Надо сказать, что злословие по поводу его отношений с Эллен Тернан продолжало причинять много боли его близким, в особенности Кэти, несчастливой в замужестве, и Мэйми, всё более тяготившейся своей ролью «старой девы». «Две эти молодые особы во всю прыть катятся по наклонной плоскости, — отмечал один знакомый. — Приличное общество начинает их чураться».
И при таких обстоятельствах Диккенс очертя голову ринулся в новую серию публичных чтений, нарушив предписания своего врача Фрэнка Берда, который обнаружил у него «слабость сердечной мышцы». Но Диккенс всегда находил уловки, чтобы смести препятствия со своего пути и, возможно, «договориться» с самим собой: он обратился к другому врачу и истолковал поставленный им диагноз — перекликавшийся с бердовским, но не столь тревожный — как «зеленый свет».
Гастроли оказались такими же триумфальными и прибыльными, как и предыдущие. Диккенс еще больше усовершенствовал свою технику, умудряясь «оживить» более двадцати разных персонажей за один вечер. Один зритель утверждал, что сразу же узнал «неприятный хриплый голос» Феджина; другой, слушая сцену кораблекрушения из «Копперфилда», отчетливо увидел «свет фонарей в хижине рыбака… Под конец мы все, едва переводя дух, наблюдали с берега, и (это самое отчетливое мое воспоминание) на сцену словно обрушилась огромная волна».
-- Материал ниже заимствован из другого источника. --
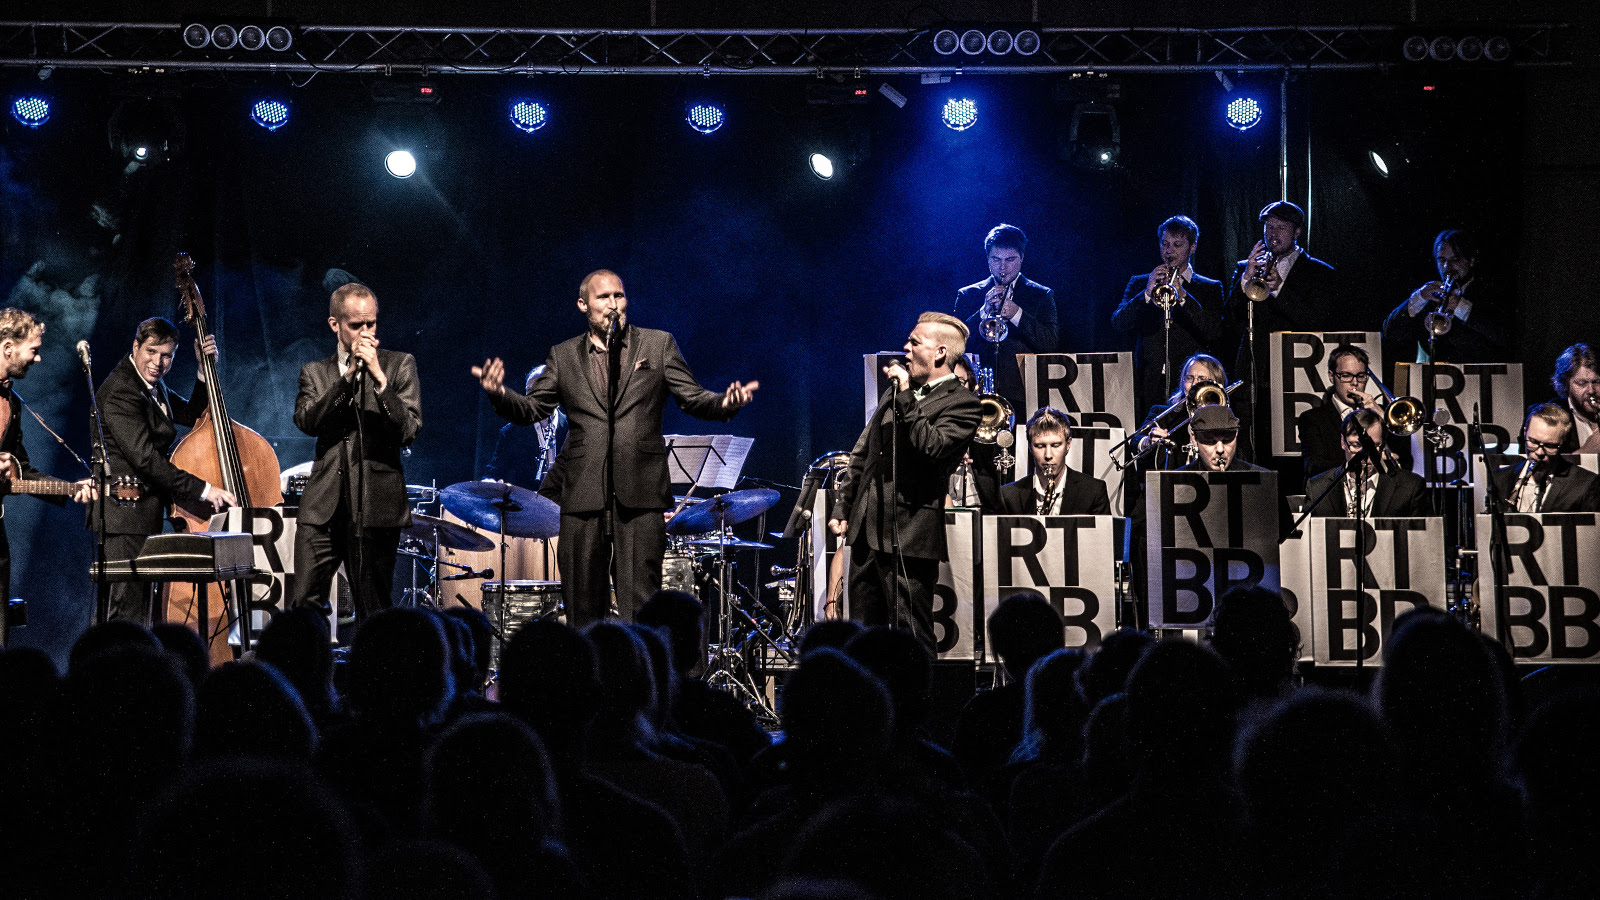 Ricky-Tick Big Band on jazz-orkesteri, jossa on 17 soittajaa ja Ricky-Tick Big Band & Julkinen Sana esiintyvät 3.7.2022 Savonlinnan Oopperajuhlilla.

Лето, проведенное Диккенсом в Гэдсхилле, было лишь затишьем между бурями: гастроли еще не закончились, а он уже думал о следующих. Пока же он наслаждался коротким отдыхом в своем поместье, своим знаменитым швейцарским шале и намеревался увеличить оранжерею. На фотографии того времени он стоит на крыльце с друзьями, элегантно одетый, в небольшой круглой шляпе на голове и со своей любимой белой геранью в петлице: безупречный сельский джентльмен, курящий сигару, небрежно опершись о колонну. На другом снимке — любящий и любимый отец, сидящий верхом на стуле (мужественная и непринужденная поза, которую он любил… однако спинка стула, возможно, служит ему символической опорой) и читающий двум своим дочерям. Кэти стоит позади, ласково положив свою руку на его плечо; Мэйми сидит рядом, оставив вышивание, чтобы послушать. Но в эти идиллические картинки не слишком-то верится. Они скрывают за собой сильнейшее напряжение, глубочайшую усталость. А вот рассказ Диккенса о смерти своей любимой собаки Султана гораздо вернее передает меланхолическую атмосферу, царившую в Гэдсхилле.